I support the idea of writing a static compatibility checking tool as Kjetil described; it can be used to ensure that no bit-incompatible changes are introduced within the same major version (detecting semantic compatibility violations is going to be much harder). The following diagnostics suggested by him do not make sense with my approach to versioning:

[Error] Published definition changed (The checked dsdl contains changes to a published defintion).

Published definitions are allowed to change as long as the changes are bit- and semantically-compatible.

[Warning] Rename const (const with same value but different name with same major version).
[Warning] Renamed field (a field with the same bit placement and type info but different name).

Constant/field names should be allowed to change. It may or may not break semantic compatibility; in order to detect that, the tool must be able to reason at a level similar to that of us humans. Doesn't sound like something one can code overnight (I wonder if cognitive computing services like Watson can be of any help here).

[Error] Incompatible field (a field with the same name but different type int2 -> uint2 ).
[Error] Removed field (a field with was replaced with a void field for a newer data type int2 -> void2 ).

Again, this may or may not break semantic compatibility. It might be better to downgrade these diagnostics to Warning in order to let humans decide whether the new definition is semantically compatible or not.

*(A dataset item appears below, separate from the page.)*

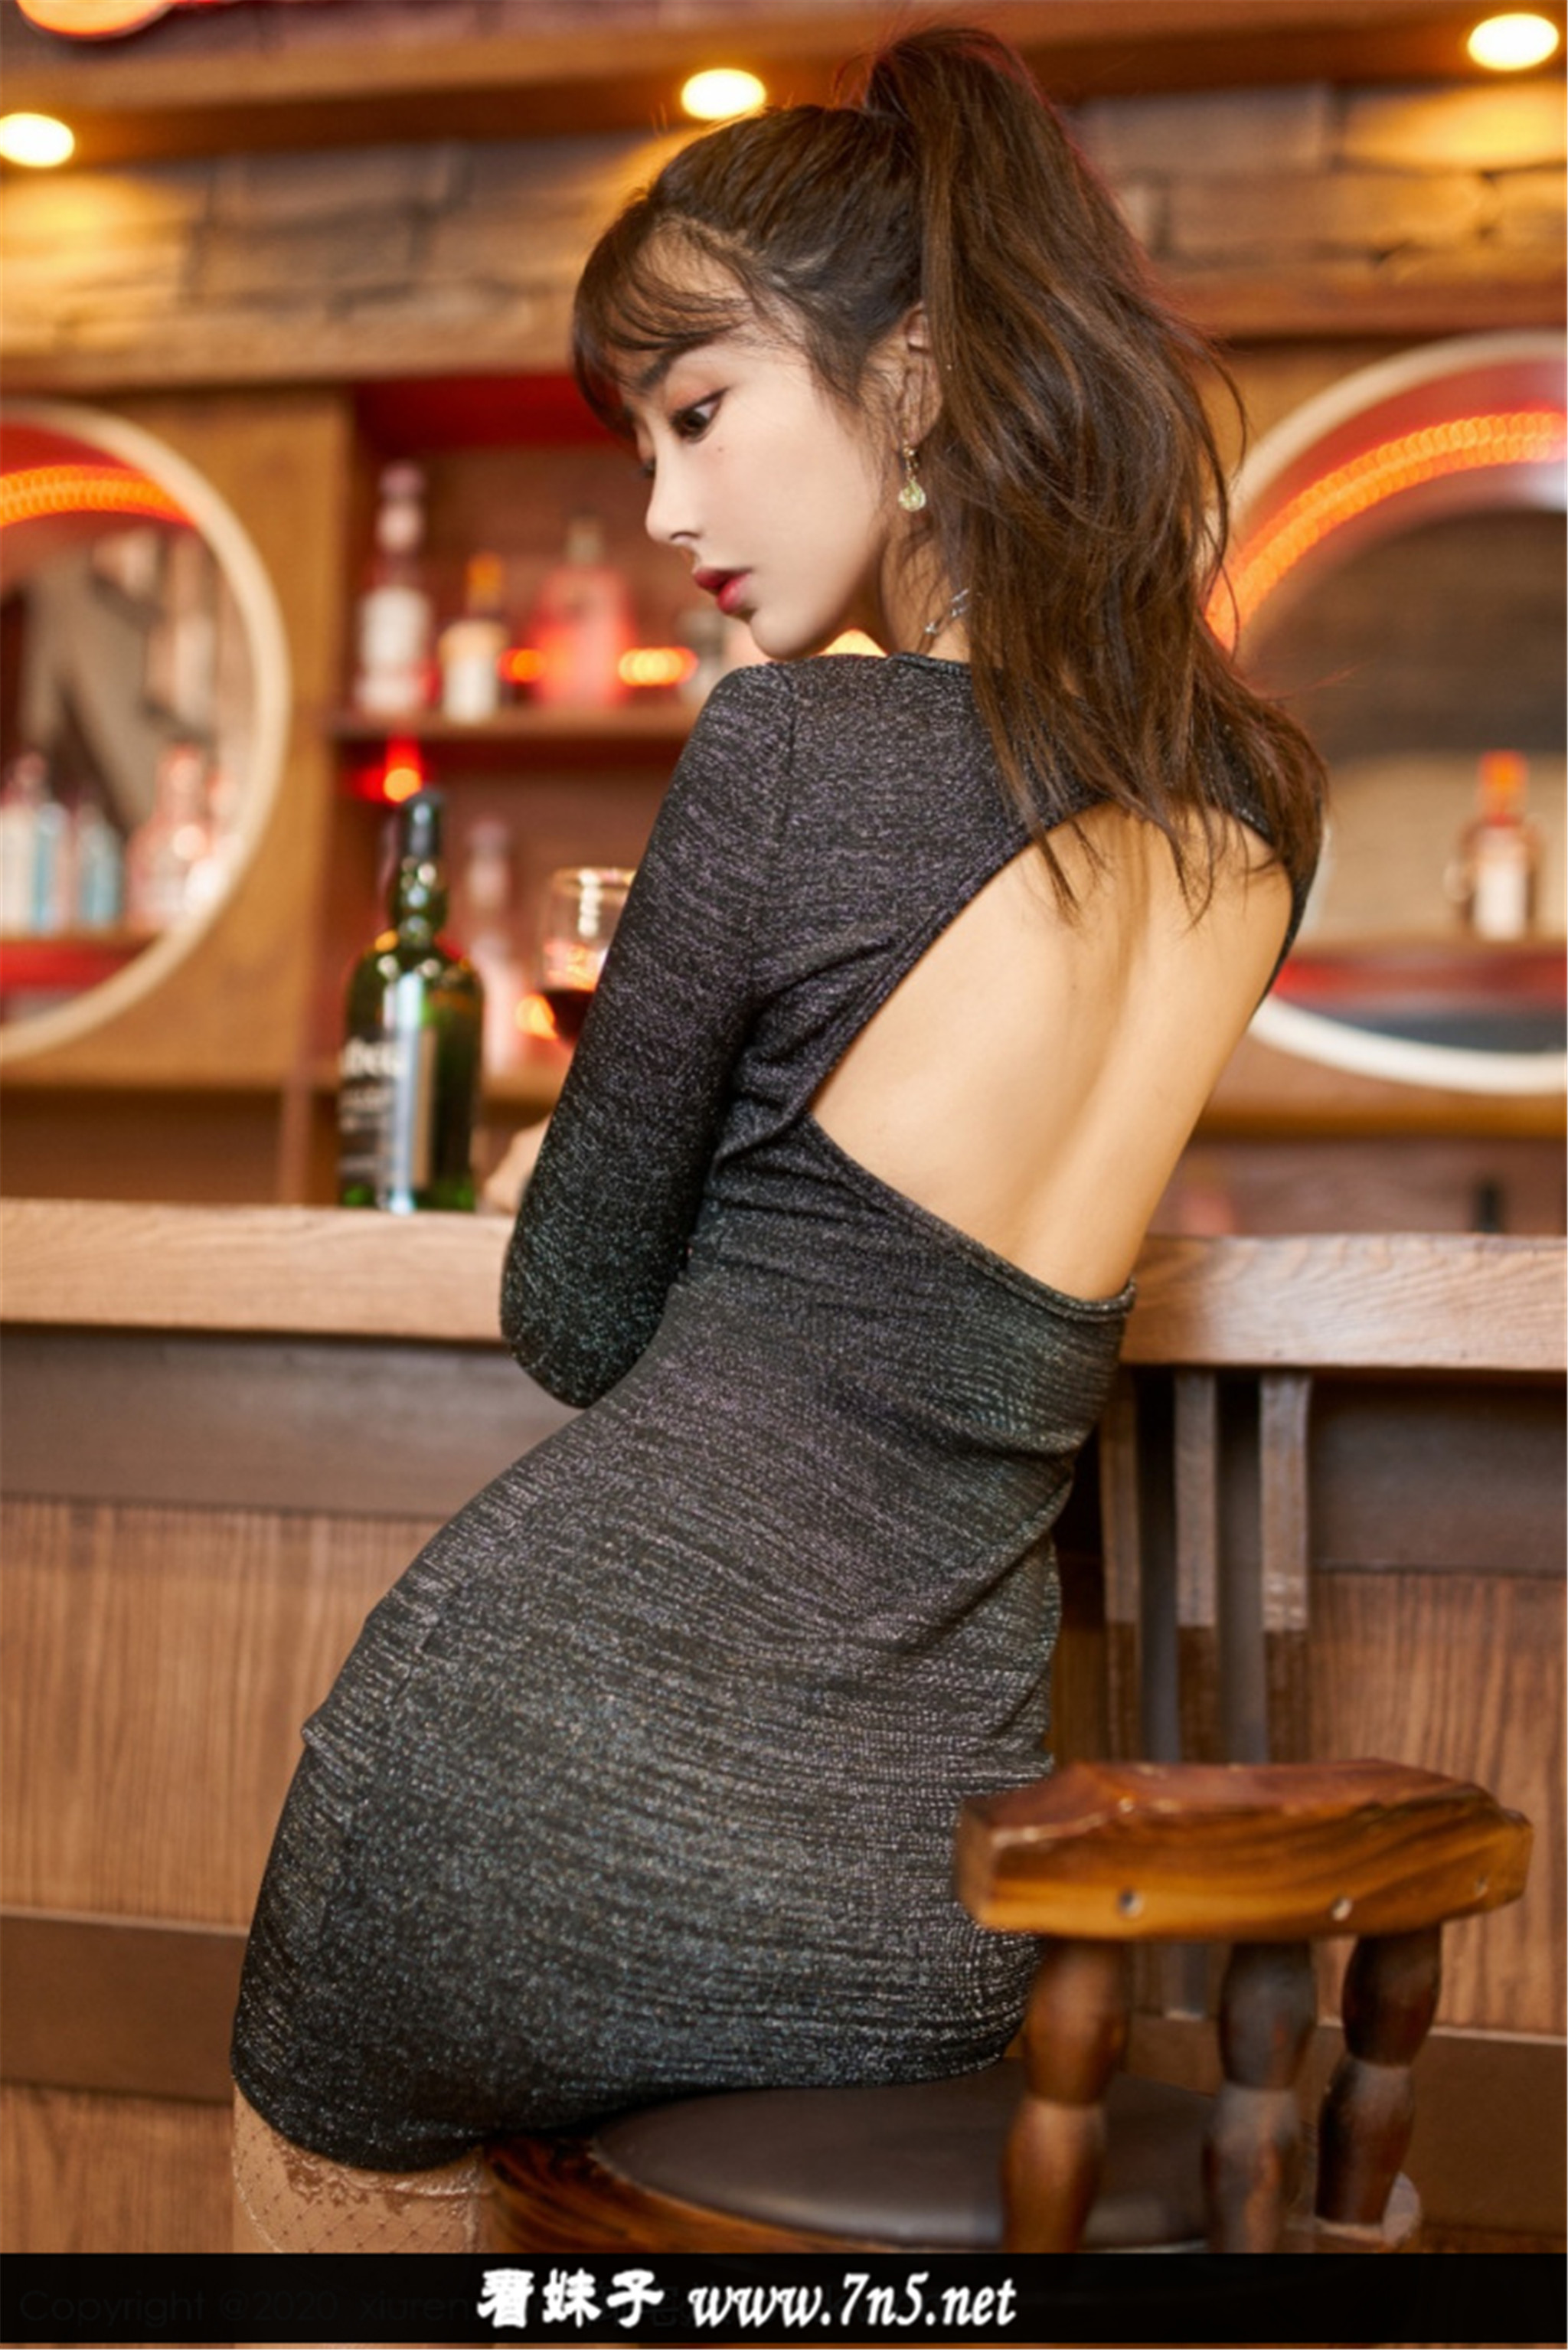 [Xiuren秀人网]2020.03.20 NO.2085 酒吧丝袜主题 Betty林子欣[41+1P/165M]

Now let's switch to DSDL signatures. In the beginning, I said that I spent some time rethinking the design from the core principles and reading up on other protocols. Consider the following data points:

  • As Kjetil pointed out, only multi-frame transfers are protected against incompatible data type definitions (because that is enforced via transfer CRC which is only available in multi-frame transfers).
  • As Kjetil implied, most CAN FD transfers are going to be single-frame transfers, meaning that only a handful of transfers are going to be protected against incompatible definitions.
  • Data type signature mix-in compromises the error-detecting properties of the CRC algorithm.
  • CANopen (arguably the most used CAN bus protocol out there) does not offer equivalent ways of dynamic compatibility enforcement.
  • The data type signature mix-in introduces a leaky abstraction and a layering violation - something we talked about over at Standardize unused bytes in CAN-FD OpenCyphal-Garage/uavcan.github.io#36, although in a different context. For example, it causes this ugly API feature in libcanard: https://github.com/UAVCAN/libcanard/blob/fa12c07d5219cf348eaf1efe9f35771bf4d0945c/canard.h#L155-L158

The above considerations induce me to suggest a radical new idea: let's untangle the transport CRC from the data type compatibility problem completely. The transfer CRC will be exclusively a transport-level feature with no side relations.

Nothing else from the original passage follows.